NEW ORLEANS (BP)–A federal appeals court panel refused to revisit the Roe v. Wade decision Sept. 14, although one of the judges took the opportunity to blast the controversial abortion ruling by calling it an “exercise of raw judicial power.”
The three-judge panel of the Fifth Circuit Court of Appeals unanimously voted to dismiss a case brought by Norma McCorvey, who was the “Jane Roe” in the landmark 1973 decision legalizing abortion. Although she sued then to legalize abortion, she has since had a change of heart and wants to see the decision overturned.
At issue in Roe v. Wade was a Texas law that outlawed abortion.
“Suits regarding the constitutionality of statutes become moot once the statute is repealed,” Circuit Judge Edith H. Jones wrote in the opinion.
Because Texas currently has laws regulating abortion — such as a law limiting the availability of abortion to minors — the original Texas statute outlawing abortion has been repealed by implication, Jones wrote. McCorvey’s lawyers say they will appeal the dismissal to the U.S. Supreme Court.
But Jones, a nominee of President Reagan, also wrote a separate concurring opinion — signed only by her — in which she criticized the Roe court and expressed her hope that the U.S. Supreme Court someday would revisit the case.
She even used the phrase “unborn child.”
“Because the Court’s rulings have rendered basic abortion policy beyond the power of our legislative bodies, the arms of representative government may not meaningfully debate McCorvey’s evidence,” Jones wrote. “The perverse result of the Court’s having determined through constitutional adjudication this fundamental social policy, which affects over a million women and unborn babies each year, is that the facts no longer matter.

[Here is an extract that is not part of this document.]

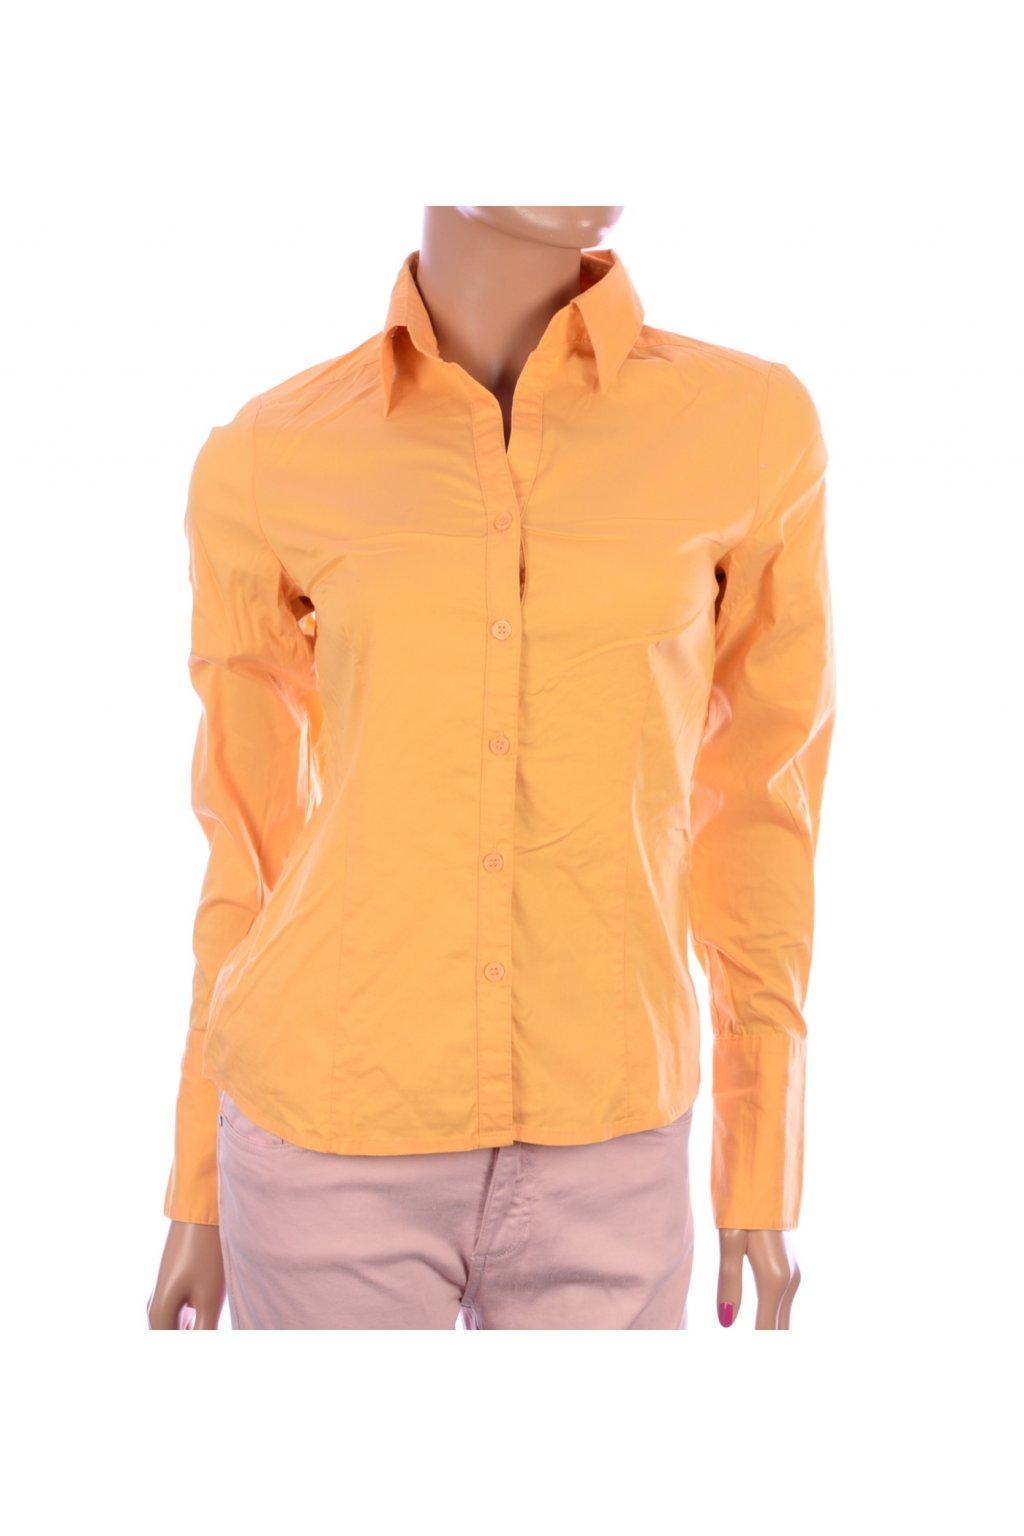 Košile H&M oranžová vel. 34 / XS

“This is a peculiar outcome for a Court so committed to ‘life’ that it struggles with the particular facts of dozens of death penalty cases each year.”

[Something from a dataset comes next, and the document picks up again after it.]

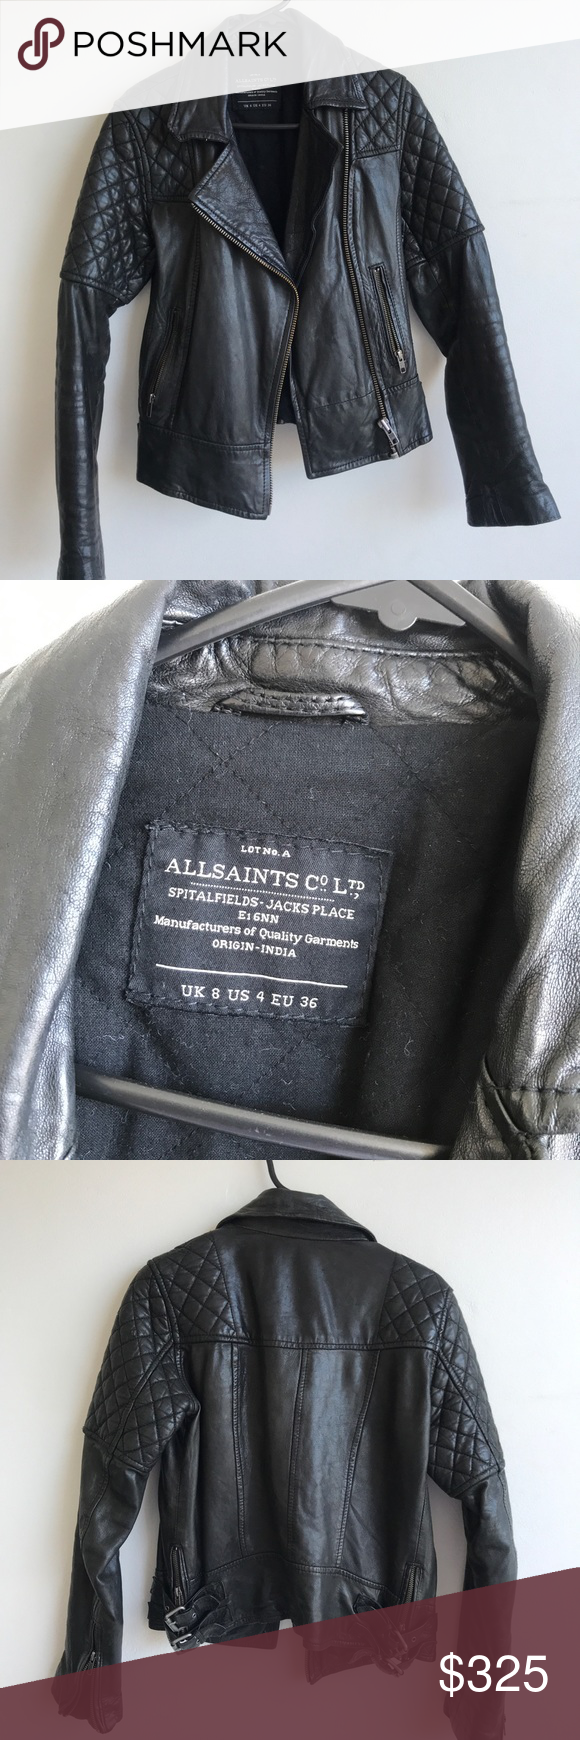 All Saints Walker Leather Jacket (Sz 4) All saints

Jones asserted that current abortion law originated out of an “exercise of raw judicial power.”
“Hard and social science will of course progress even though the Supreme Court averts its eyes,” she wrote. “It takes no expert prognosticator to know that research on women’s mental and physical health following abortion will yield an eventual medical consensus, and neonatal science will push the frontiers of fetal ‘viability’ ever closer to the date of conception. One may fervently hope that the court will someday acknowledge such developments and re-evaluate Roe and Casey accordingly.”
“Casey” is Planned Parenthood v. Casey, the 1992 Supreme Court decision that upheld Roe v. Wade but allowed some restrictions.
“McCorvey presented evidence that goes to the heart of the balance Roe struck between the choice of a mother and the life of her unborn child,” Jones wrote.
Jones then listed McCorvey’s evidence, apparently acknowledging that she agreed with it.
McCorvey’s lawyers presented thousands of affidavits from women who had abortions and who claimed to have suffered emotional damage.
“Studies by scientists, offered by McCorvey, suggest that women may be affected emotionally and physically for years afterward and may be more prone to engage in high-risk, self-destructive conduct as a result of having had abortions,” Jones wrote.
Unlike what was originally intended at the time of Roe, McCorvey’s lawyers said, abortion decisions are not made in close consultation with the doctor.
“According to the affidavits, women are often herded through their procedures with little or no medical or emotional counseling,” Jones said.
In addition, McCorvey’s lawyers argued that the stigma of having a baby out of wedlock has changed in the last three decades.
“No longer does the unwed mother face social ostracism,” Jones wrote, “and government programs offer medical care, social services, and even, through ‘Baby Moses’ laws in over three-quarters of the states, the option of leaving a newborn directly in the care of the state until it can be adopted.
Lastly, Jones noted, science has changed.
“[N]eonatal and medical science, summarized by McCorvey, now graphically portrays, as science was unable to do 31 years ago, how a baby develops sensitivity to external stimuli and to pain much earlier than was then believed,” she wrote. “In sum, if courts were to delve into the facts underlying Roe’s balancing scheme with present-day knowledge, they might conclude that the woman’s ‘choice’ is far more risky and less beneficial, and the child’s sentience far more advanced, than the Roe Court knew.”